3Le rite a aussi un côté sensoriel qui n’est pas moins important : les images, la musique, les discours et les sons ont une emprise sur les participants. À cet aspect sensoriel il faut ajouter l’expérience de faire partie d’une foule ou de marcher à un rythme déterminé dans un défilé, de traverser un paysage urbain, pendant un long laps de temps : tout ceci a une forte influence sur le corps des participants3. Mis ensemble, ces éléments peuvent créer une expérience unique qui, combinée aux aspects cognitifs du rite, peut produire un état mental que l’anthropologue Suzanne Langer a dénommé « transformation ». Une telle transformation survient quand les symboles présentés au cours du rite et son objet – comme la nation ou le parti – fusionnent et deviennent un tout indifférencié. L’abstraction devient palpable et les participants prennent conscience de ses caractéristiques particulières4.
4Si le rite est la représentation d’une réalité sociale, le rite télévisé est une représentation au second degré, la représentation d’une représentation. Comme le rite, la diffusion à la télévision obéit à certaines règles formelles et toute analyse du rite à la télévision doit prendre en considération les deux systèmes de représentation. La relation entre les deux systèmes n’est jamais simple : tantôt la retransmission suit le rite de très près et tente de s’adapter à ses règles ; tantôt, on adapte le rite ou on le crée même spécialement en vue d’une retransmission télévisée. Il y a aussi une hiérarchie entre les deux systèmes de représentation : comme c’est la télévision qui cadre le rite, c’est elle qui, par ses règles, détermine en premier lieu le sens général de l’événement5. Cependant, c’est le rite avec sa structure formelle, ses symboles et ses gestes, qui est au cœur de l’émission et on ne doit en aucun cas l’ignorer, quelle que soit l’analyse à laquelle on procède.
5Si l’on applique les deux aspects du rite, l’aspect cognitif et l’aspect vécu, à l’analyse de la diffusion du rite à la télévision, on découvre qu’il y a de nombreuses différences entre les deux systèmes de représentation.

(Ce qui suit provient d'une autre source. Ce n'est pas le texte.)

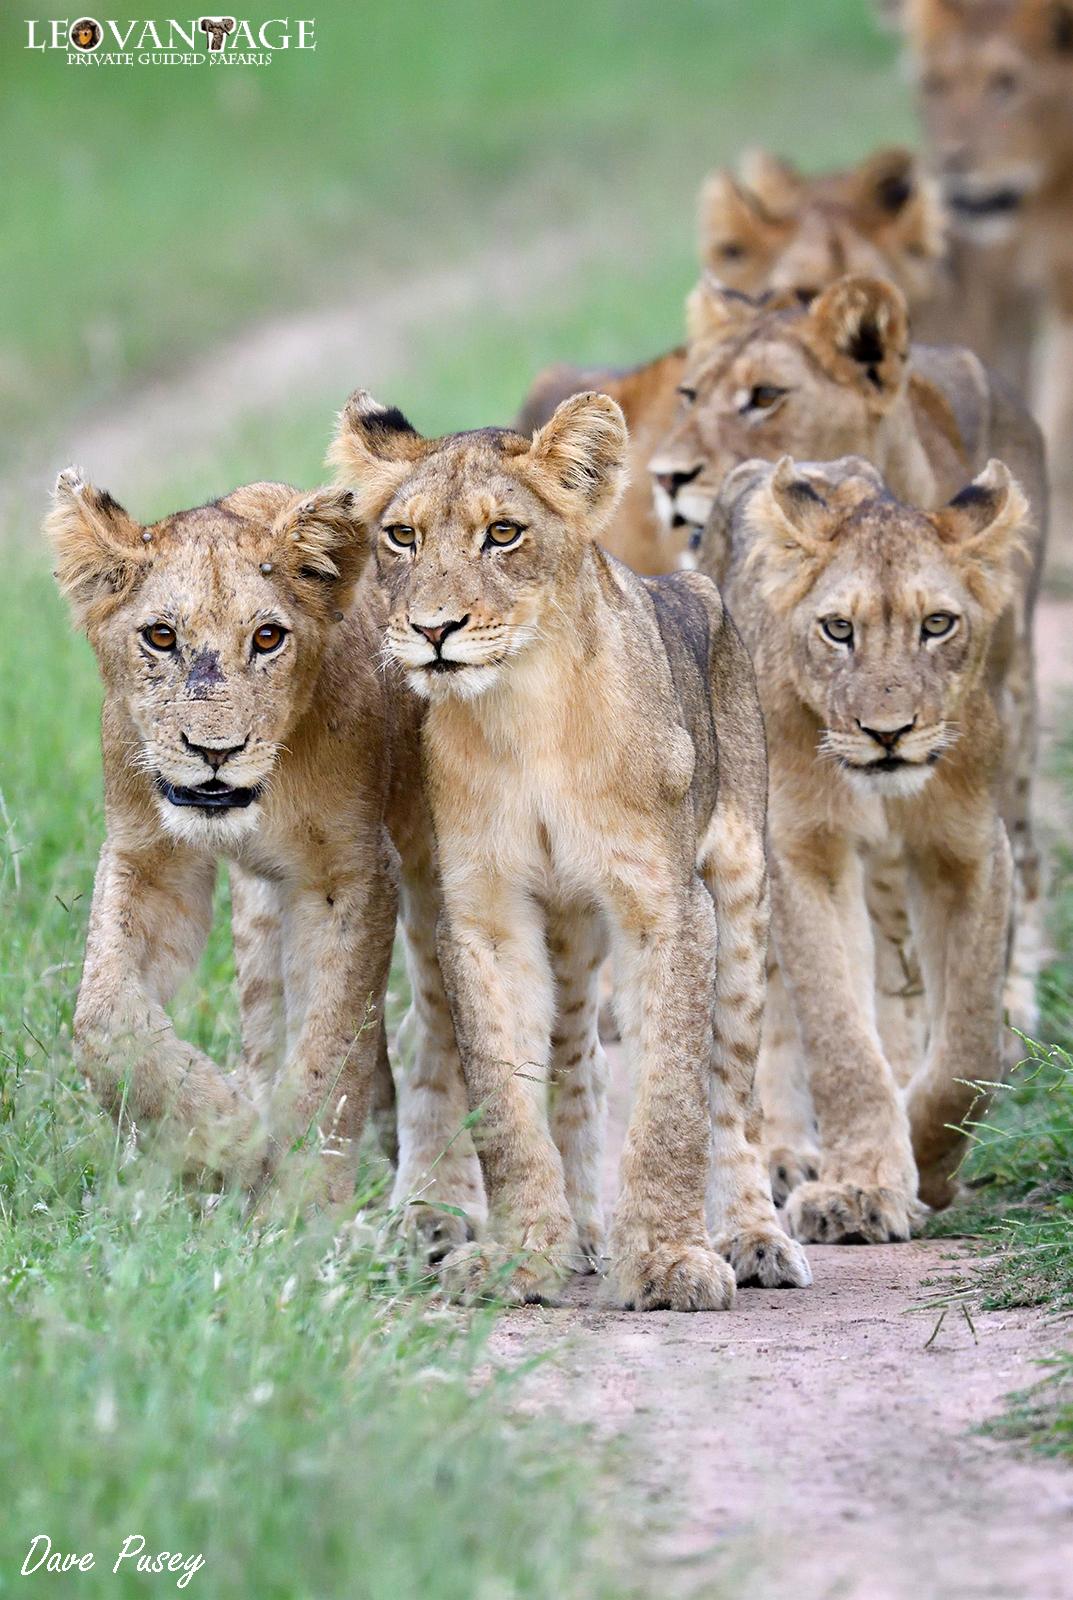 Future leaders of the pride

Quand on compare l’aspect cognitif des deux systèmes, il est évident que le rite télévisé est beaucoup plus riche. Alors que celui qui participe à un rite n’a qu’un seul point de vue, le sien, l’usage de plusieurs caméras pour couvrir le rite permet au téléspectateur de voir l’événement sous différents angles et à des distances variées. La voix du commentateur qui suit l’événement et explique son déroulement aux spectateurs qui sont chez eux ajoute une dimension supplémentaire à l’information déjà incluse dans l’événement. Le commentaire peut restreindre la possibilité qu’ont les téléspectateurs d’avoir une interprétation personnelle du rite – point que nous développerons plus tard dans l’article – mais incontestablement il enrichit la dimension cognitive de l’événement.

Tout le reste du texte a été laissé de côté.